2.5. Analysis of 16S rRNA sequences using the QIIME pipeline
16S rRNA sequence data were processed by the quantitative insights into microbial ecology (QIIME) pipeline.26 Briefly, sequences that were less than 200 bp or greater than 1000 bp in length contained incorrect primer sequences, or contained more than 2 ambiguous bases were discarded. The remaining sequences were assigned sample aliquots based on their unique nucleotide barcodes, including error-correction. Chimeric sequences were removed using Usearch.27 Reads removed in these filters were ∼42% of all sequences (Supplementary Table S2). All filter-passed reads of the 16S V1–2 sequences were deposited in DDBJ with accession number DRA001212. Sequences were clustered into Operational Taxonomic Units (OTUs) using 97% sequence similarity. OTUs were assigned to a taxonomy using RDP classifier with the confidence level set at 0.5.28
2.6. Sample extraction for NMR measurements
Faecal samples (10 mg) were measured and suspended with extraction buffer consisting of 90% (v/v) deuterium oxide (D2O), 100 mM potassium phosphate and 1 mM 2,2-dimethyl-2-silapentane-5-sulphonate (DSS) as an internal standard. The solution was shaken at 1500 × g for 15 min at 65°C and then centrifuged at 15,000 × g for 15 min at 4°C. The supernatant was collected in an NMR tube and frozen at −20°C.29
2.7. 1D and 2D NMR measurements
All NMR spectra were recorded on a Bruker DRX-700 spectrometer operating at 1H 700.153 MHz frequency with the temperature of the NMR samples maintained at 298 K. The NMR spectra were processed using a procedure similar to that described previously.30–33 Briefly, 1H NMR data were reduced by subdividing spectra into sequential bins of 0.04 ppm designated regions between 1H chemical shifts of 0.06–9.8 ppm. 1H-13C heteronuclear single quantum coherence (HSQC) data were reduced by subdividing spectra into sequential bins of 0.3 ppm in the f1 direction and 0.03 ppm in f2 designated regions between 1H chemical shifts of 0.5–9.0 ppm and 13C chemical shifts of 40–90 ppm, respectively. After exclusion of water resonance, each region was integrated and normalized relative to the DSS intensity and analysed by principal component analysis (PCA) using the R software and plotted using the Excel software. Loading plot analysis revealed the contribution of bins to the PCA scores, and 2D spectral assignments were performed using the SpinAssign software.33
2.8. Multivariate statistical analysis
Supplementary Figure S1 provides a schematic overview of the analytical steps in this study. Multivariate statistical analysis was performed with R program environment by using an in-house program. A two-dimensional correlation map was calculated as a symmetric matrix using Spearman's rank correlation coefficient, in which an element at position (i, j) is defined as a correlation coefficient between the ith and jth positions in each set of 1D spectra of metabolites, microbial diversity of high-throughput sequencing and the amount of IgA. A more positive (negative) coefficient means the existence of a positive (negative) correlation between the ith and jth peaks or bands. Each correlation pattern was clustered using hierarchical clustering analysis (HCA). HCA was performed using a Euclidean distance and ward clustering method. The two-dimensional correlation map was drawn by the R software.29
In the heat map of microbe–metabolite correlation coefficient, individual ID number was put as a tag in front of each microbe name (at the family level) to clarify the individual from whom those microbes were isolated (for example, ID4-Bacteroidaceae). Correlation coefficient between microbial composition and metabolic profile was calculated in each individual, and the data obtained from individuals were merged. Microbe–metabolite correlation pattern was clustered using HCA. HCA of the metabolic profiles in individual ID-coded microbes reveals several metabolic profile clusters that were related to different microbes. Clusters of metabolic profiles defined by cutting branches off the dendrogram. We selected clusters in which more than 70% of microbes were derived from IgA responders ID4 and ID5.

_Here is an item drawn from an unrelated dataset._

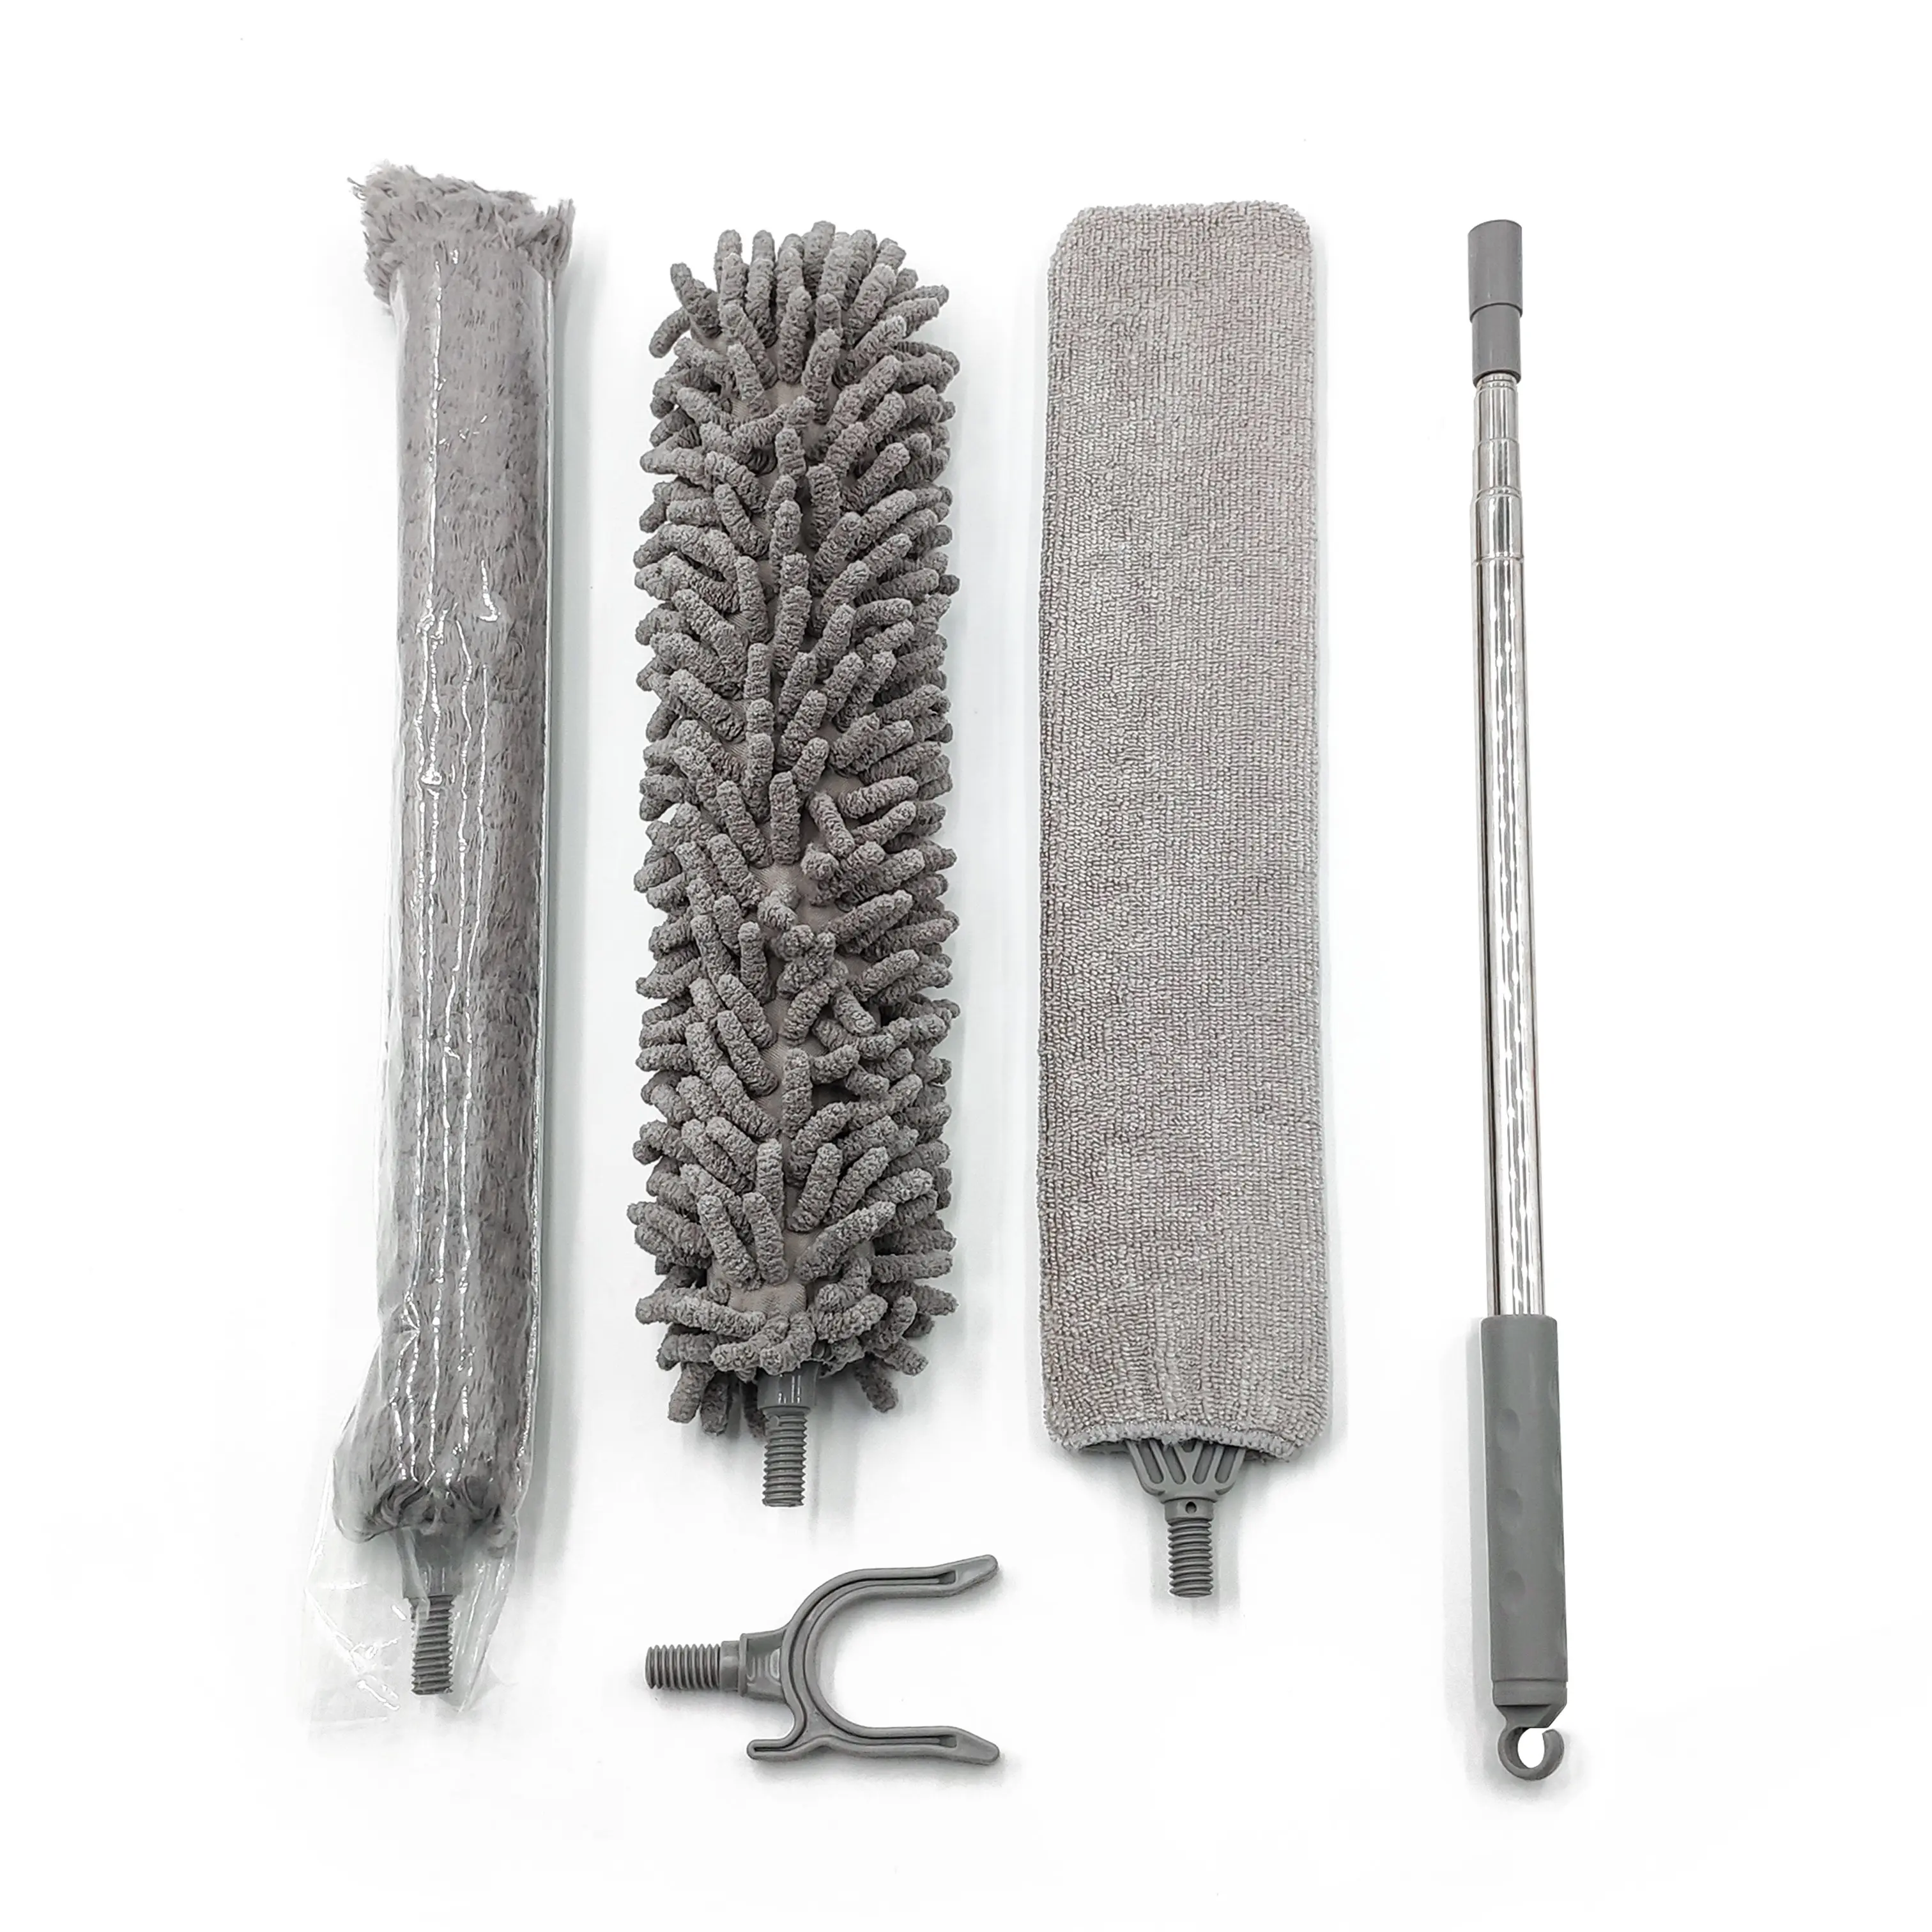 telescopic long handle extendable pole microfiber car duster cleaning kit set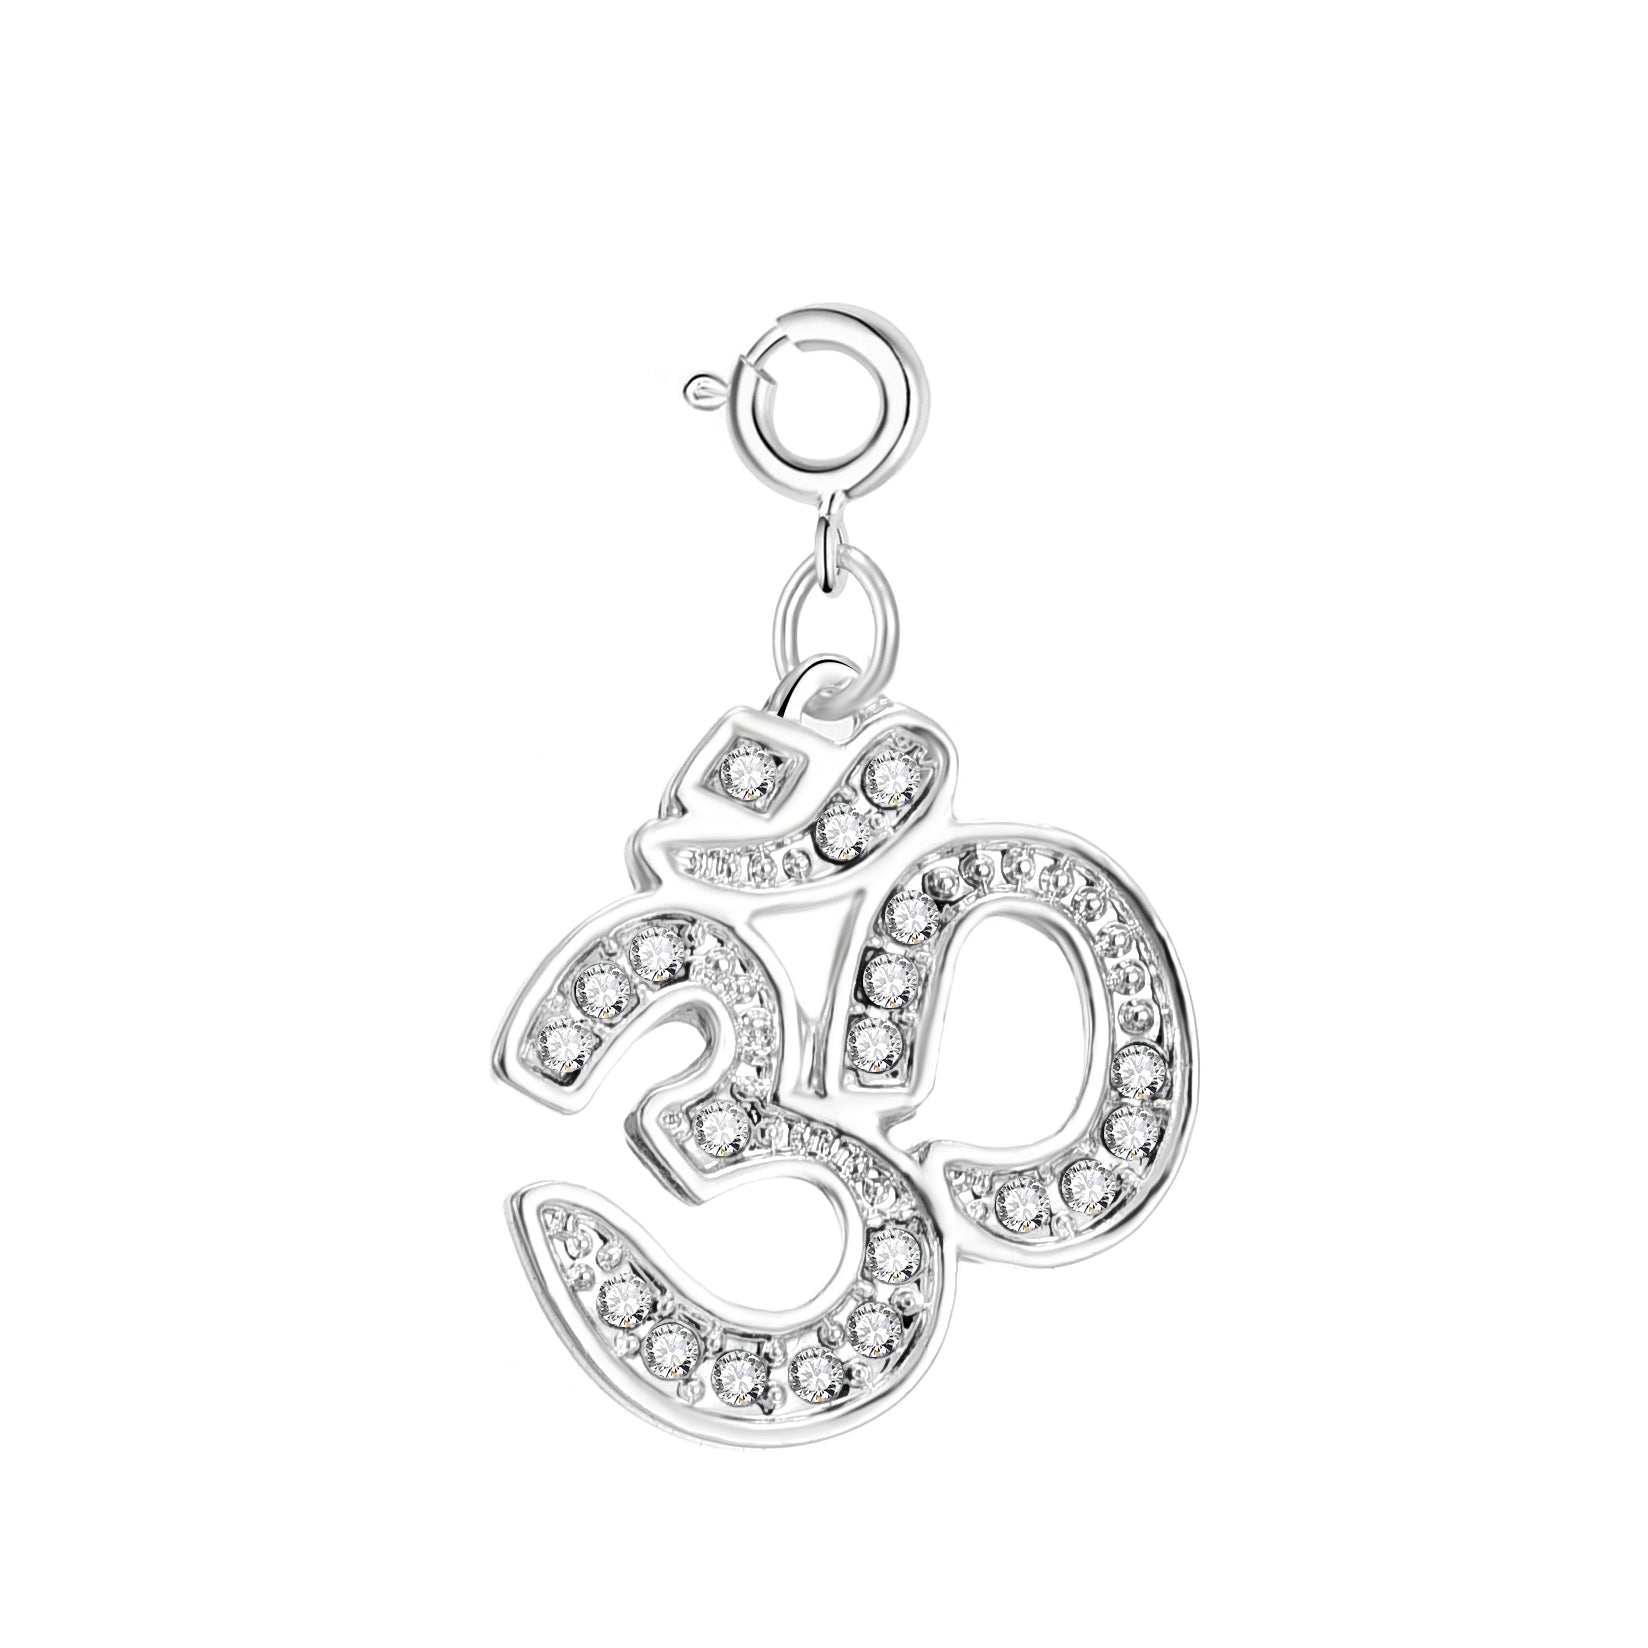 Om Charm Created with Zircondia® Crystals by Philip Jones Jewellery

IgA–metabolite–microbe correlation network was constructed with microbes in extracted clusters, based on the multiple correlation data from ID4 and ID5 using the Cytoscape software34 (http://www.cytoscape.org/). Each node indicated IgA, a metabolite and a microbe from the result of the above analysis. Microbial node size showed the average value of relative abundance. Edges represent the correlation coefficient >0.65 between the two connected nodes in the network. Width of each edge line positively correlates with its correlation coefficient value.
3. Results and discussion
3.1. FOS effect on faecal IgA concentration is heterogeneous in different healthy human volunteers
Faecal samples were collected at several time points from healthy volunteers (age = 20–30, male = 3, female = 4) before, during and after FOS intake, and the amount of faecal IgA was determined. As a group, the average faecal IgA tended to increase upon FOS intake, but the difference was not statistically significant (Fig. 1A). However, the individual faecal IgA profiles were quite heterogeneous (Fig. 1B and Supplementary Fig. S2); especially, only in volunteers ID4 and ID5, the faecal IgA levels were significantly elevated during the FOS-intake period when compared with those in other periods. Therefore, the effect of FOS on IgA induction varies widely among individuals.
Figure 1.
Effect of FOS supplementation on total faecal IgA production in human volunteers. (A) The average levels of faecal IgA in all seven volunteers before, during and after FOS supplementation. NS, no significant difference. (B) The individual average amounts of faecal IgA before, during and after FOS supplementation. Faecal sampling was performed at least twice during each period. P-values between FOS supplementation period and other periods were determined using the non-parametric Mann–Whitney U-test. *P < 0.1; **P < 0.01.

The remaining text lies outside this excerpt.